Path: blob/master/deep_learning/tabular/bert_ctr/bert_ctr.ipynb
1480 views
BERT CTR
In many real world applications, our dataset is often times multi-modal [3]. Where there are textual information, structured/tabular data, or even data represented in image, video, audio format. In this article, we'll look at the problem of multimodal fusion, where our goal is to jointly model information from two or more modalities to make a prediction, specifically text and structured/tabular data.
Data
KDD 2012 Track 2 [1] is focused on predicting click through rate (CTR). This task involves not only textual data related to search query and ad, but also includes additional structured/tabular data such as user's demographic information gender/age, etc.
Note, while this dataset we're using is slightly more representative of real world application, it unfortunately still has some limitations. The most notable one being, for anonymity reasons, this dataset provides tokens represented as hash values instead of actual raw text.

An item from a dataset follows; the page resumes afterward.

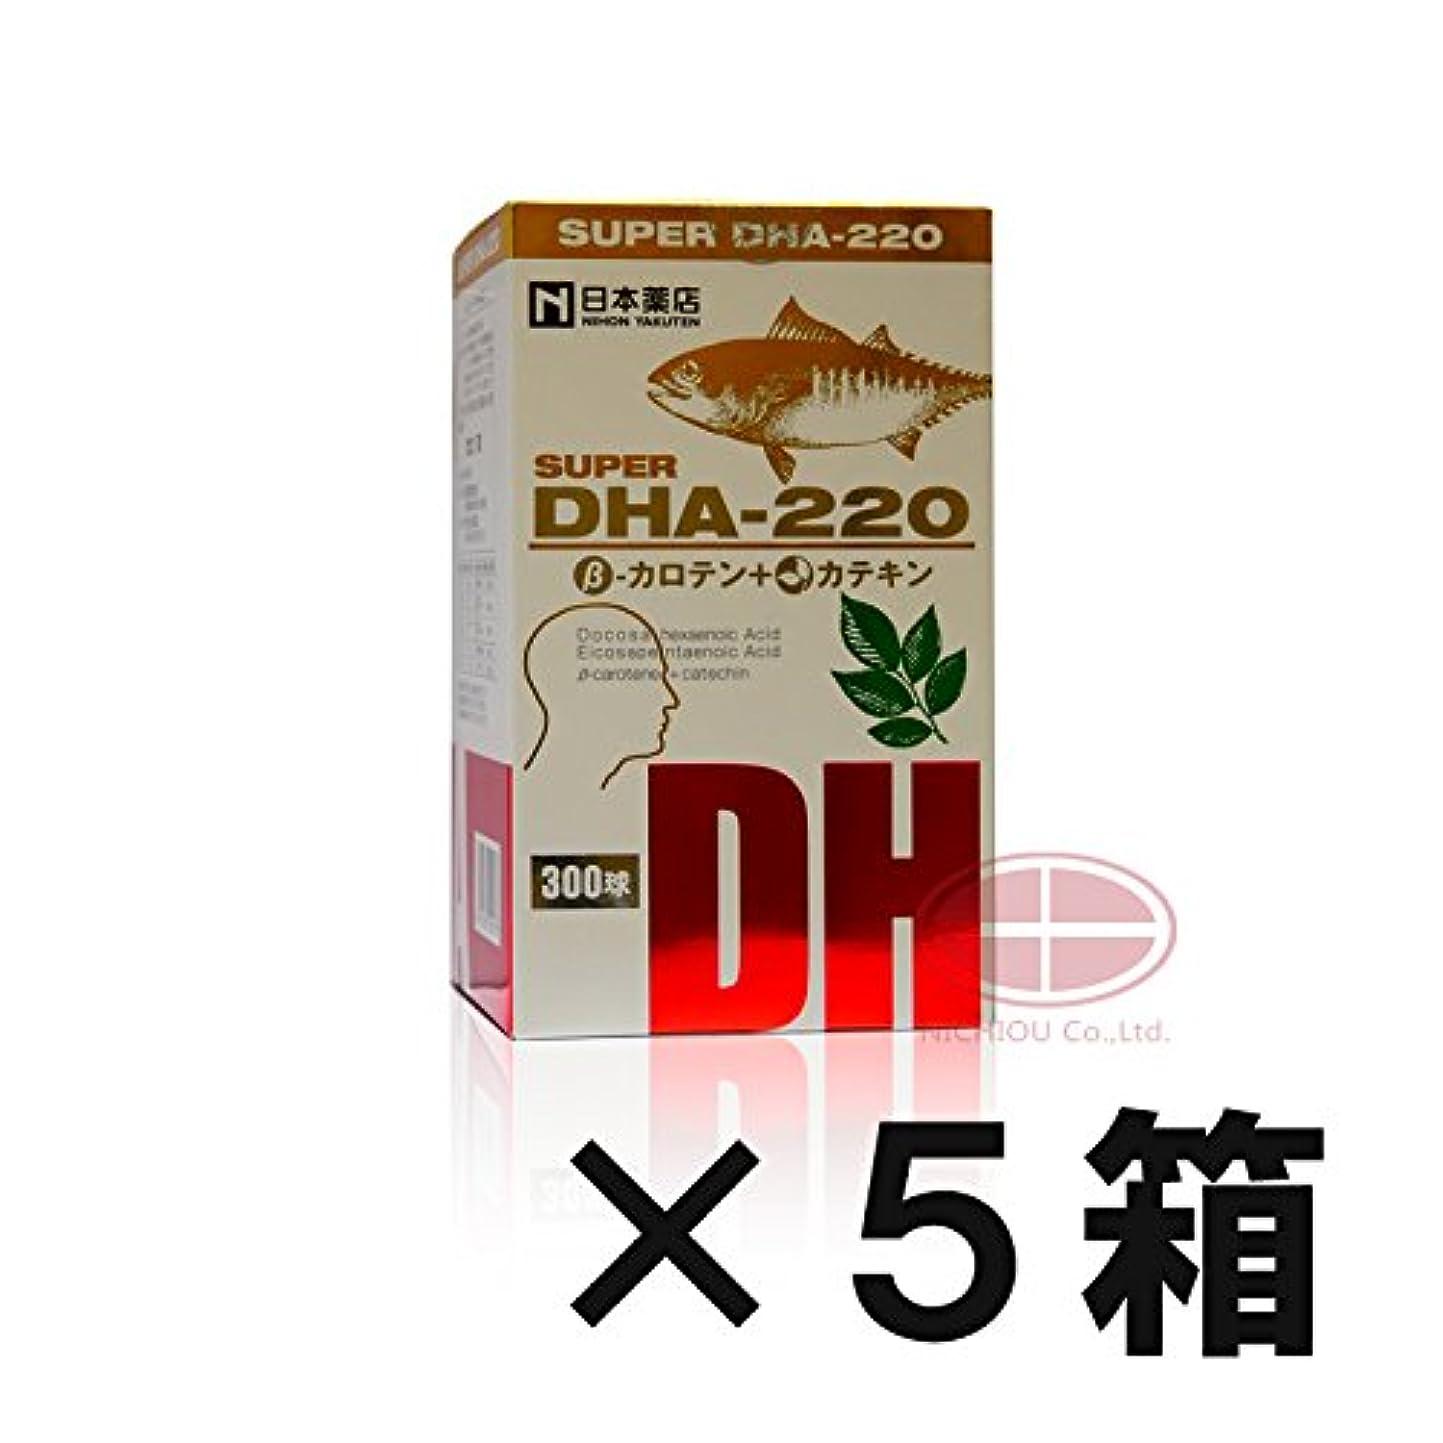 インスタンス町食器棚薬王製薬 スーパーDHA220 βカロテン+カテキン 300粒 (5)

This entails we can't directly leverage pre-trained tokenizer/model.
Another dataset with similar characteristics is Baidu-ULTR [2]. This dataset is advantageous in terms of its larger scale: featuring 1.2B search sessions, and its richness: offering diverse display information such as position, display height, and so on for studying un-biased learning to rank. As well as diversified user behavior, including click, skip, dwell time for exploring multi-task learning. Though, again, it also has similar limitation where raw text is provided in a hashed id manner.
We'll be working with a sampled version of the original raw dataset. Readers can refer to kdd2012_track2_preprocess_data.py for a sample pre-processing script.
These subsequent function/class for using deep learning on tabular data closely follows the ones introduced in Deep Learning for Tabular Data - PyTorch. [nbviewer][html]
We'll specify a config mapping for our input features, which will be utilized in both our batch collate function as well as the model itself. This config mapping stores the features we want to use as keys, and different value/enum specifying whether the field is of text/token, numerical or categorical type. Which inform our pipeline about the embedding size required for a categorical type, how many numerical fields are there to initiate the dense/feed forward layers, whether to apply tokenization/padding for text/token type fields.
Model
The model architecture we'll be implementing looks something along the lines of:
Feeding textual input through BERT style transformer block, converting categorical features into a low dimensonal embedding, packing all of our numerical features together.
The output from 3 different field groups are concatenated together before feeding them into subsequent feed forward layers.
The next code block involves defining a config and model class following huggingface transformer's class structure [3]. This allows us to leverage its Trainer class for training and evaluating our models instead of writing custom training loops.
Rest of the code block defines boilerplate code for leveraging huggingface transformer's Trainer, as well as defining a compute_metrics
function for calculating standard binary classification related metrics.
We'll also train a AutoModelForSequenceClassification
model as our baseline. This allows us to compare whether incorporating tabular features on top of text features will result in performance gains.
There're many ways tips and tricks for training our model in a transfer learning setting [7] [8] [9]. e.g.
Two stage training. The model is first trained to convergence with a frozen encoder, then unfrozen and fine-tuned along with the entire model.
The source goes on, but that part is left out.